- Task brief: Pictures do not belong in the copy, so please give every entry below again exactly.

Records from a dataset

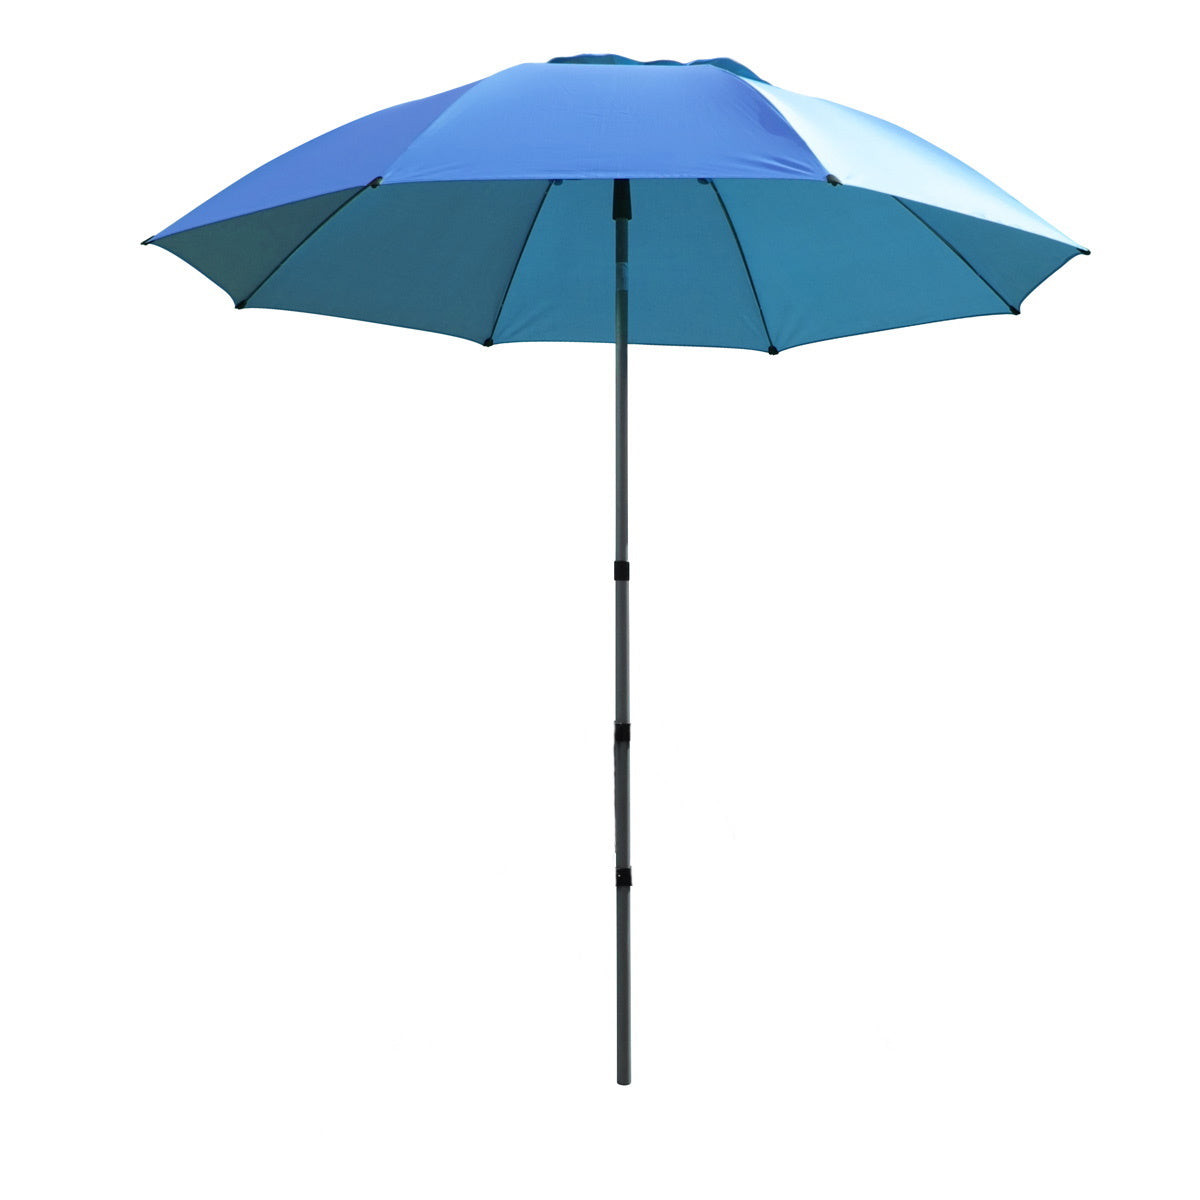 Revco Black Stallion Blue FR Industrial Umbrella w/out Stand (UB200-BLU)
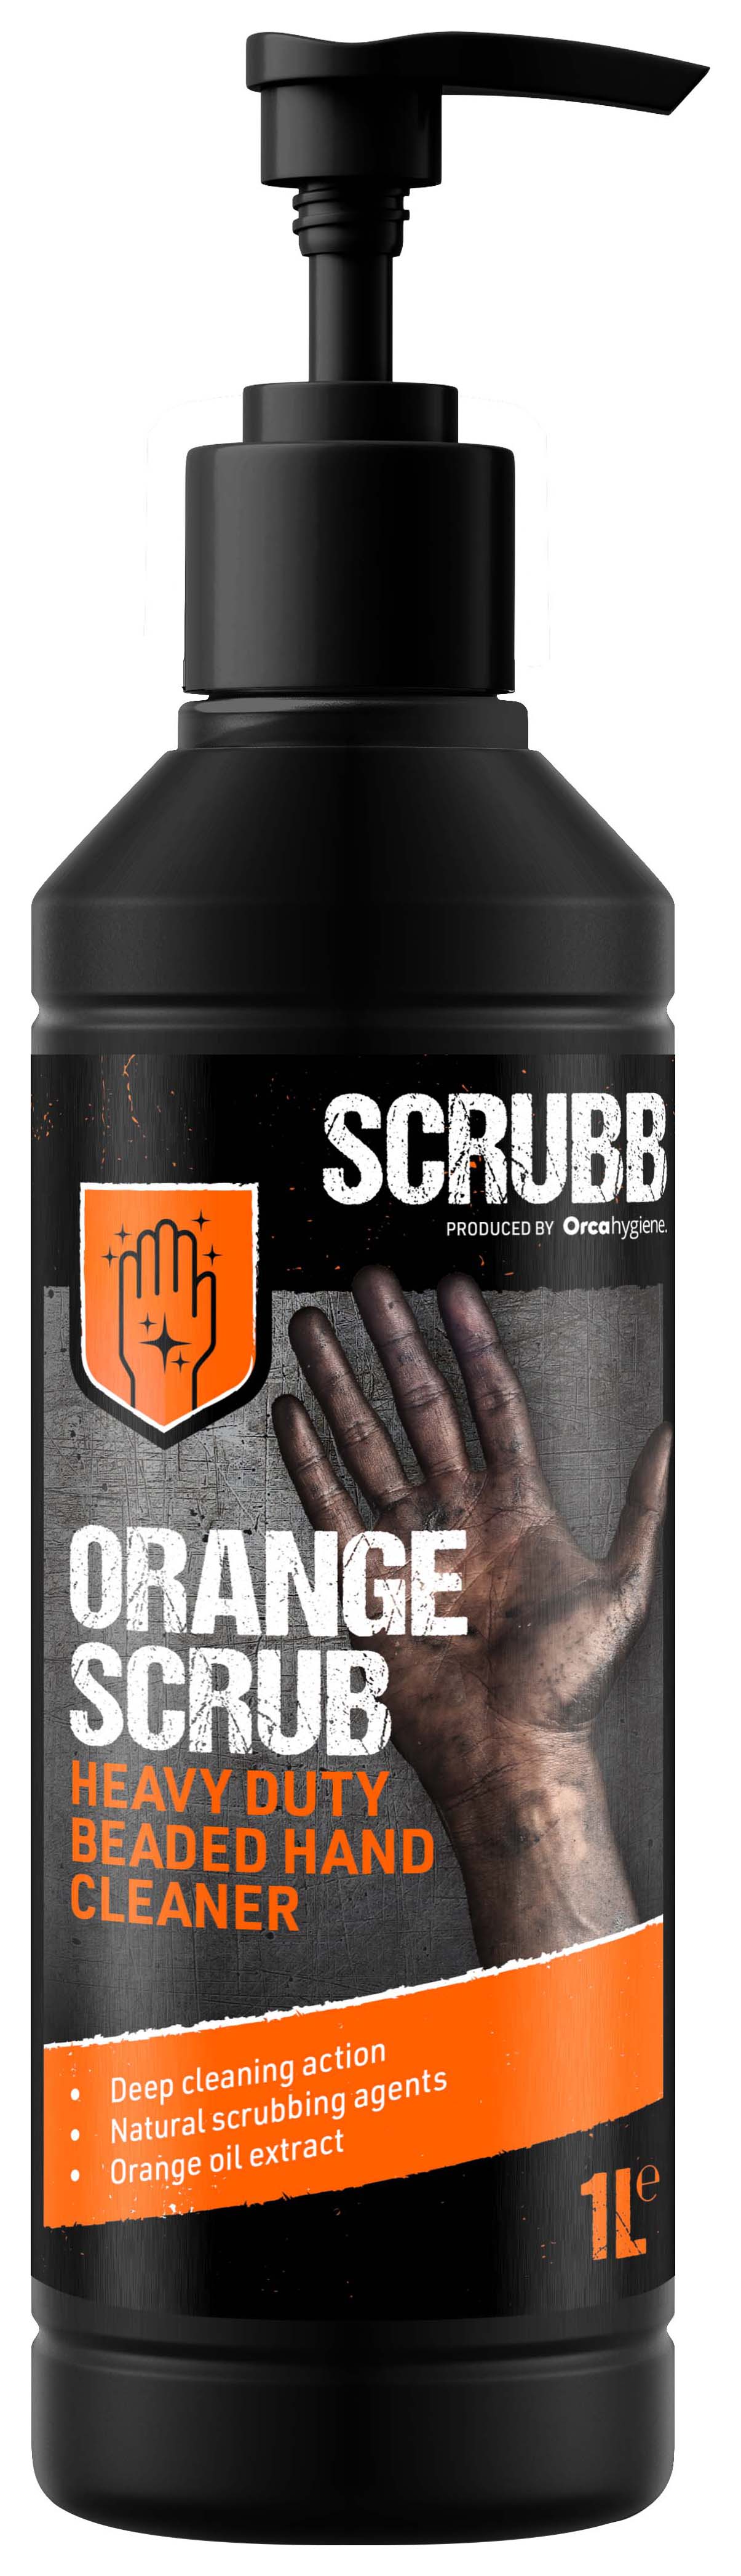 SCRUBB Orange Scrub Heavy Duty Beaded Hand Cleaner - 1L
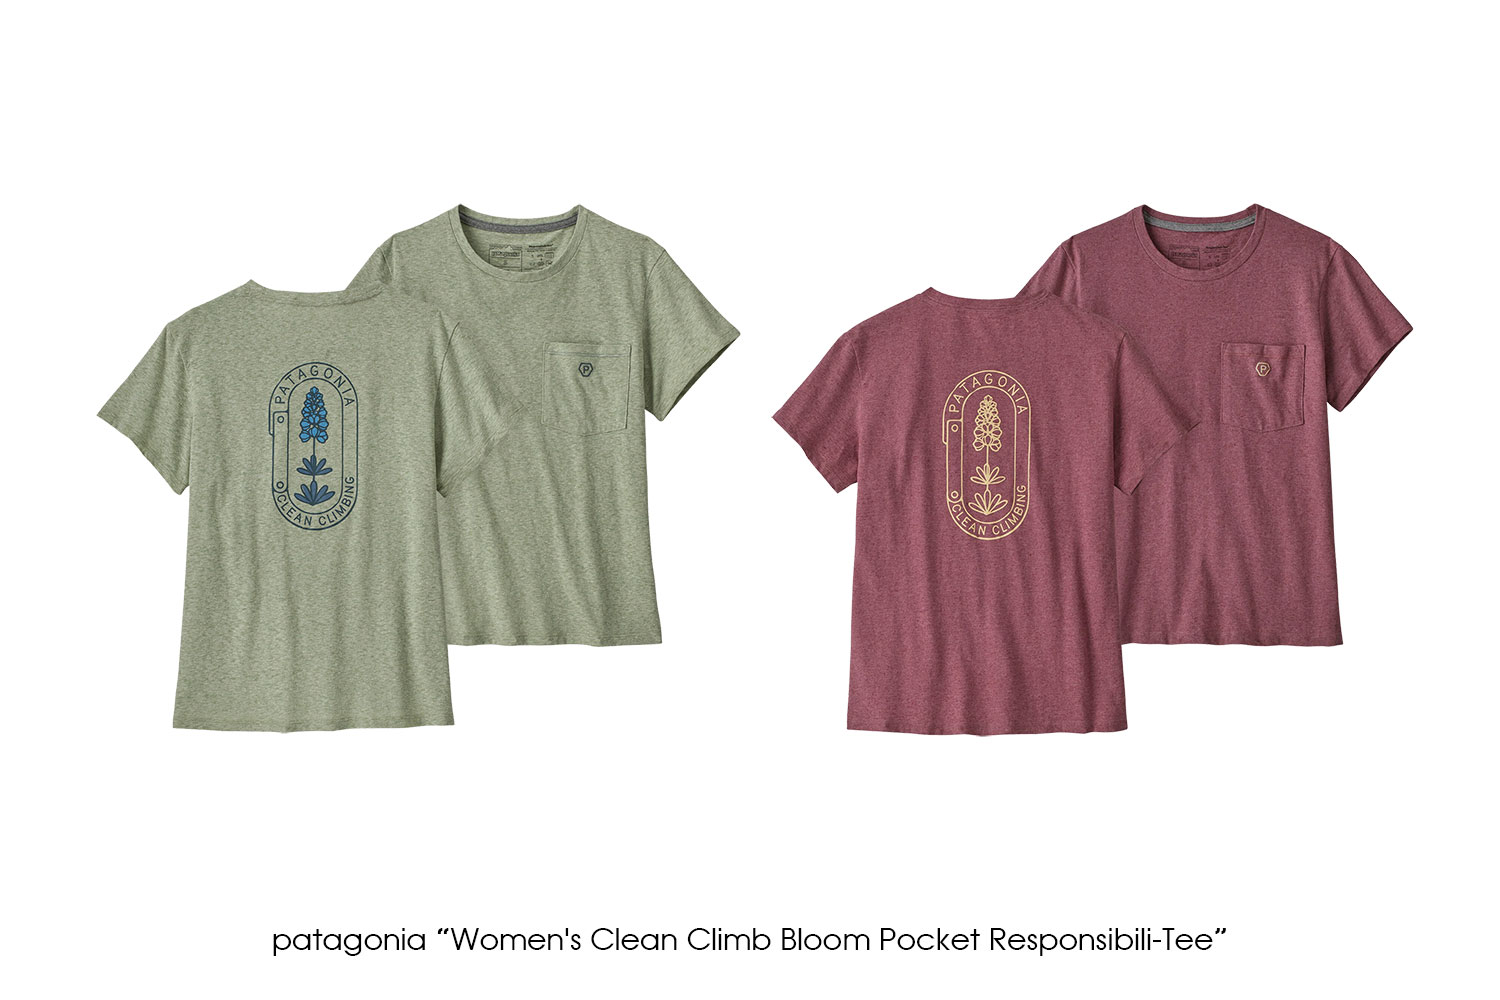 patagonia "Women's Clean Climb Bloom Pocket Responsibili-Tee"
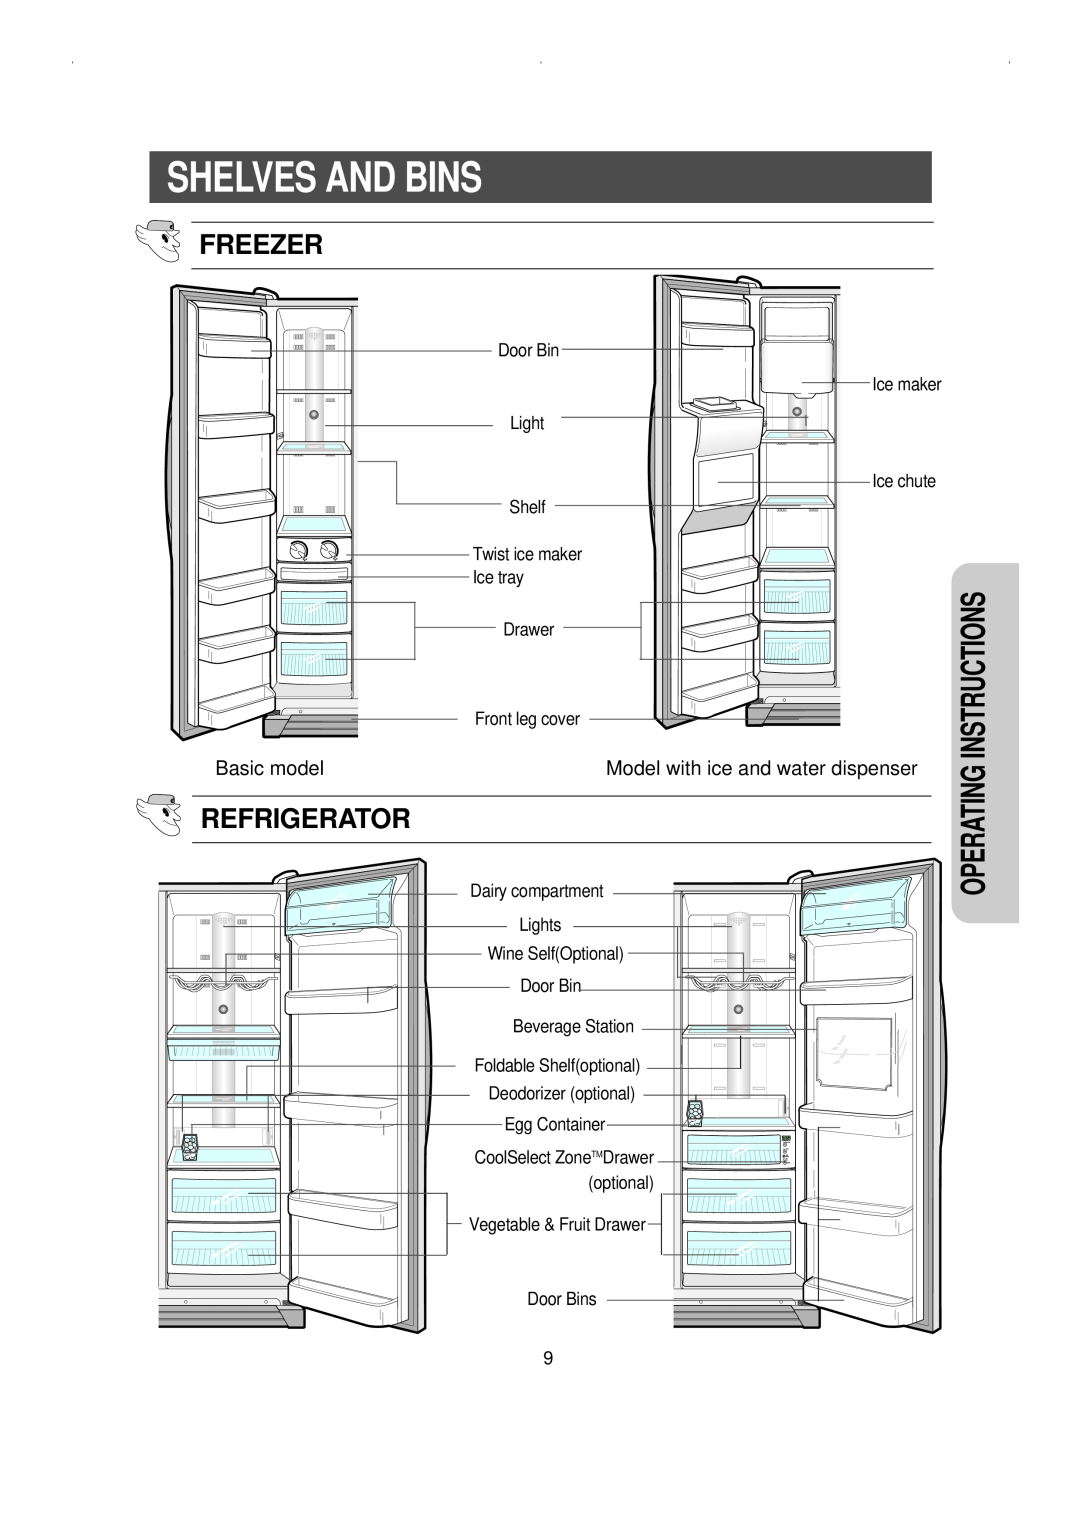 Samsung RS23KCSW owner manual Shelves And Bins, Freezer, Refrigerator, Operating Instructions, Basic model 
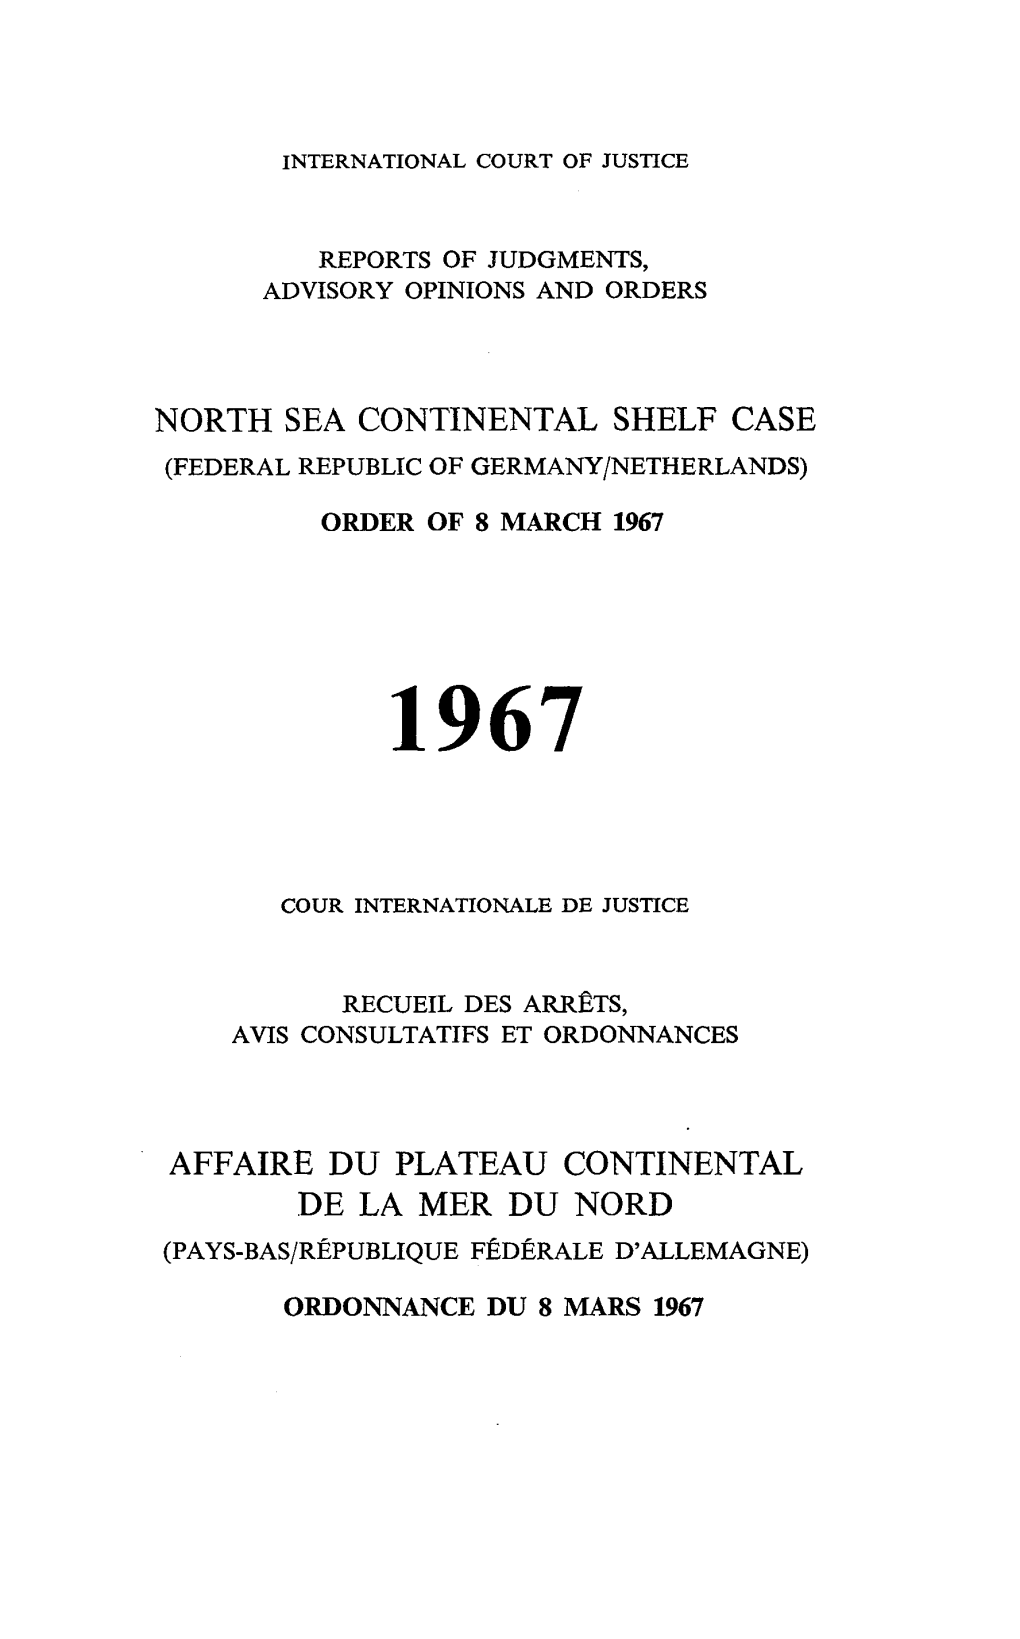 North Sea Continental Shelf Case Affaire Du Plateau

- Response to this exercise:
 Revco Black Stallion Blue FR Industrial Umbrella w/out Stand (UB200-BLU)
 SCRUBB Orange Scrub Heavy Duty Beaded Hand Cleaner - 1L
 patagonia "Women's Clean Climb Bloom Pocket Responsibili-Tee"
 Samsung RS23KCSW owner manual Shelves And Bins, Freezer, Refrigerator, Operating Instructions, Basic model 
 North Sea Continental Shelf Case Affaire Du Plateau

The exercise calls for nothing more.